• _Information supplied_:
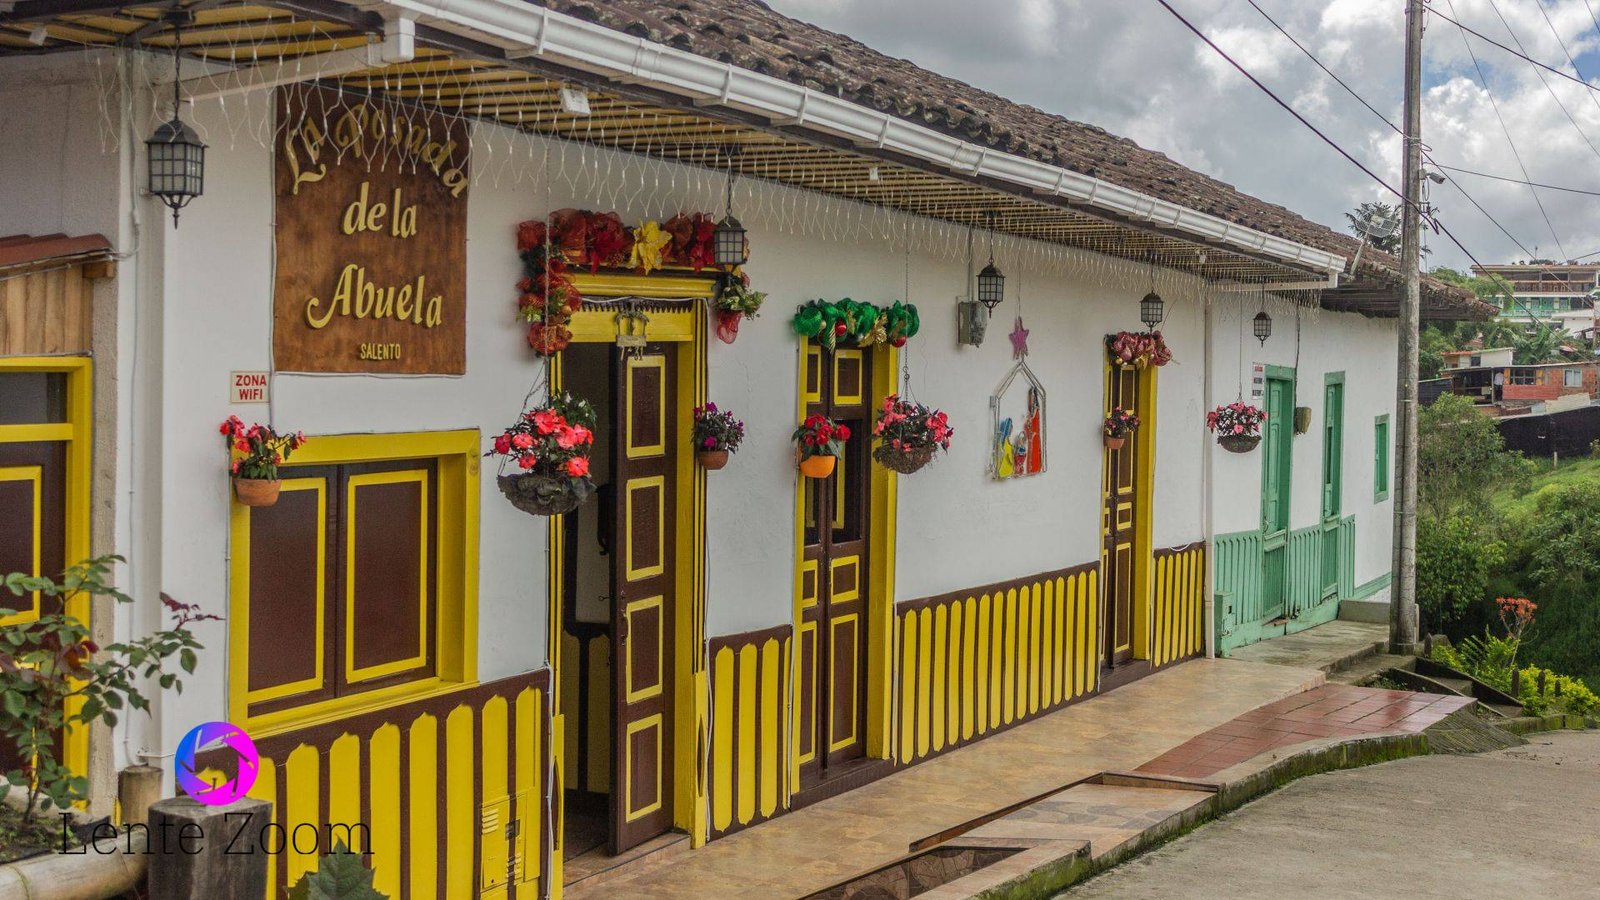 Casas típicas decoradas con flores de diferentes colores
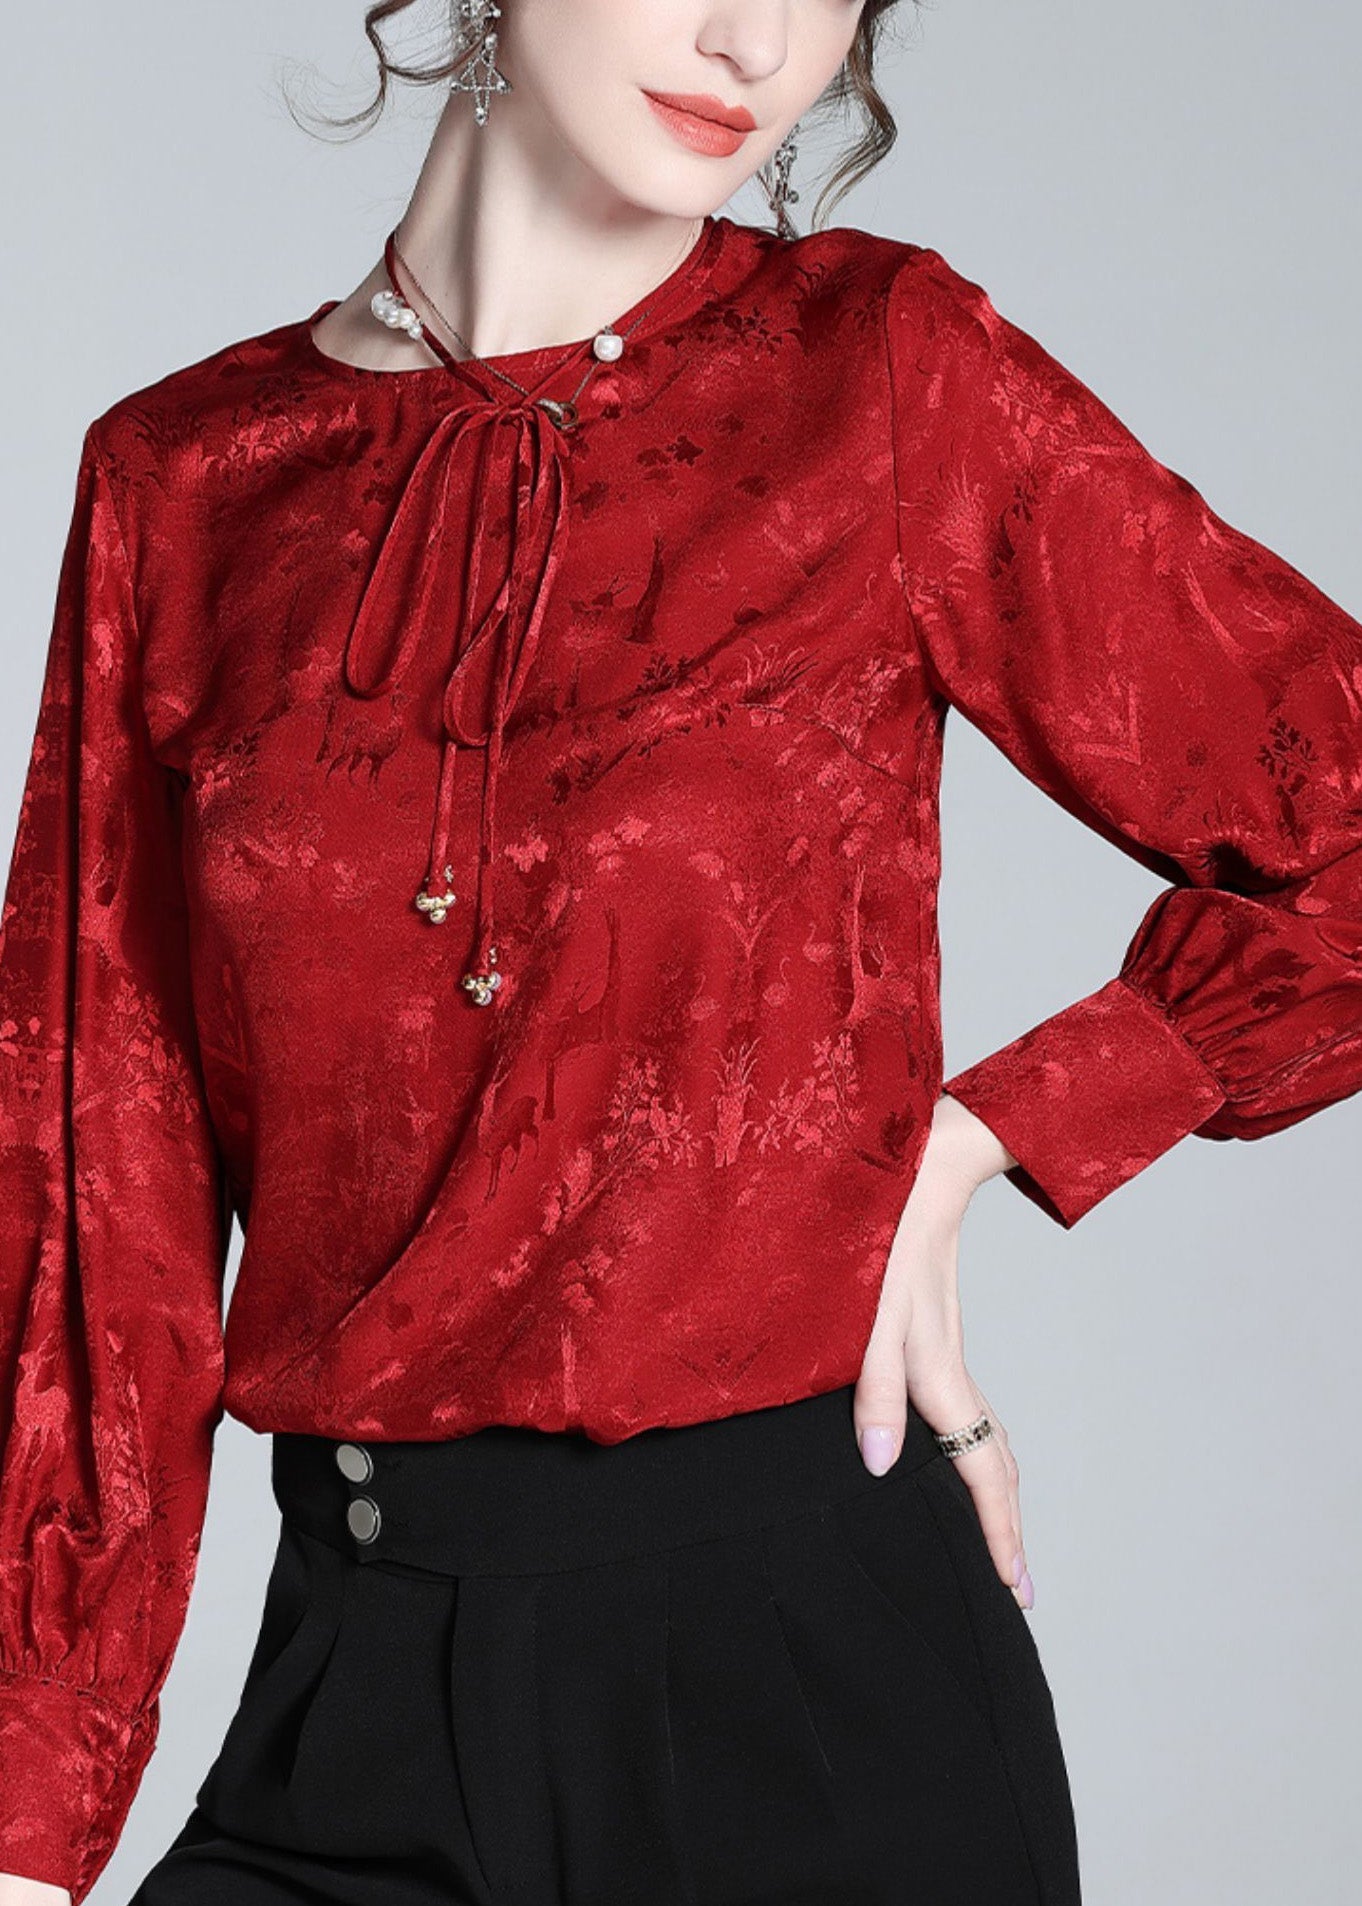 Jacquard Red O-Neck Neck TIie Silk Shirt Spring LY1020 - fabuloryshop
==
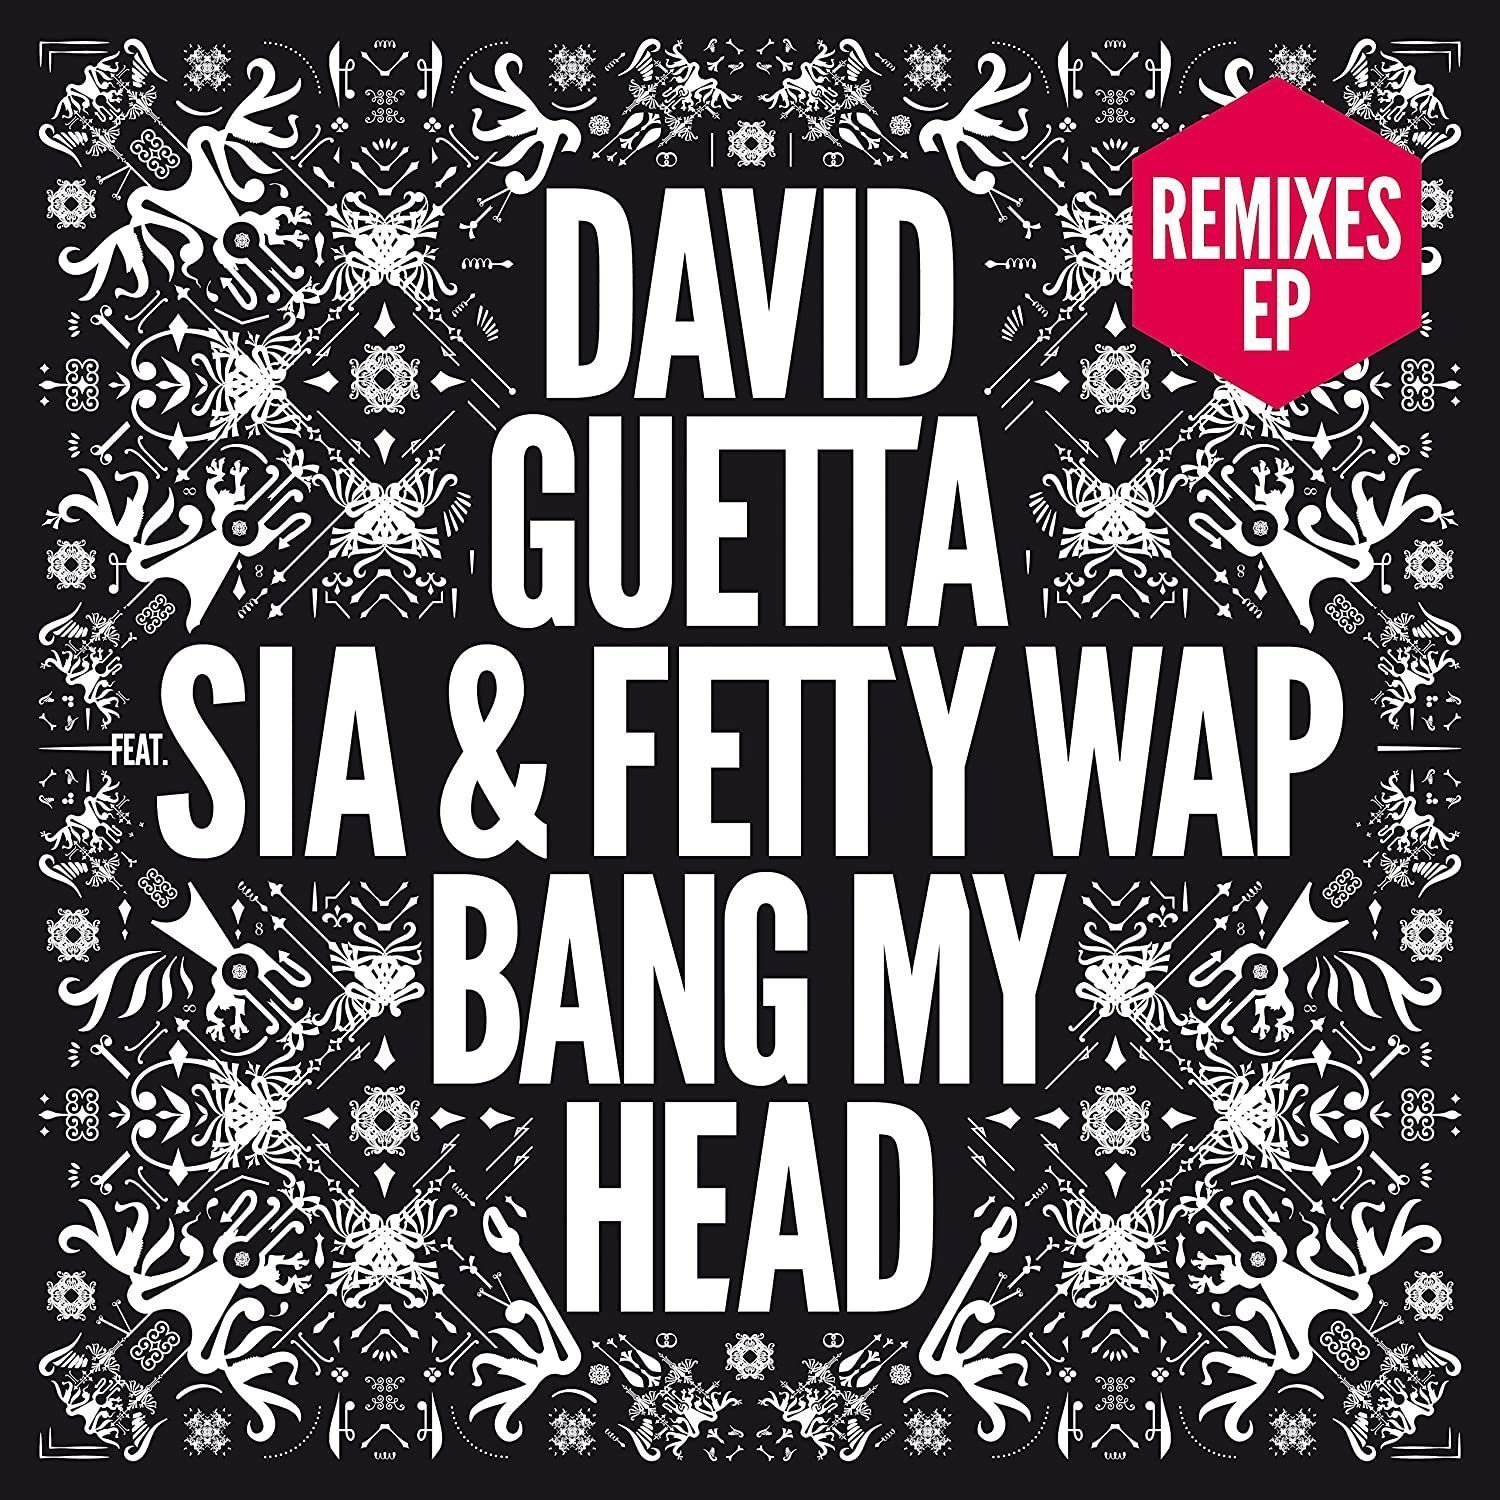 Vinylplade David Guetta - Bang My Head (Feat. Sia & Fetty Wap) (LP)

• _Your task_: Above are some records; quote exactly and only the lines that begin at the line containing "Casas típicas decoradas" and stop after the line containing "Jacquard Red O-Neck", leaving out the pictures.

• _Result of this exercise_:
 Casas típicas decoradas con flores de diferentes colores
 Jacquard Red O-Neck Neck TIie Silk Shirt Spring LY1020 - fabuloryshop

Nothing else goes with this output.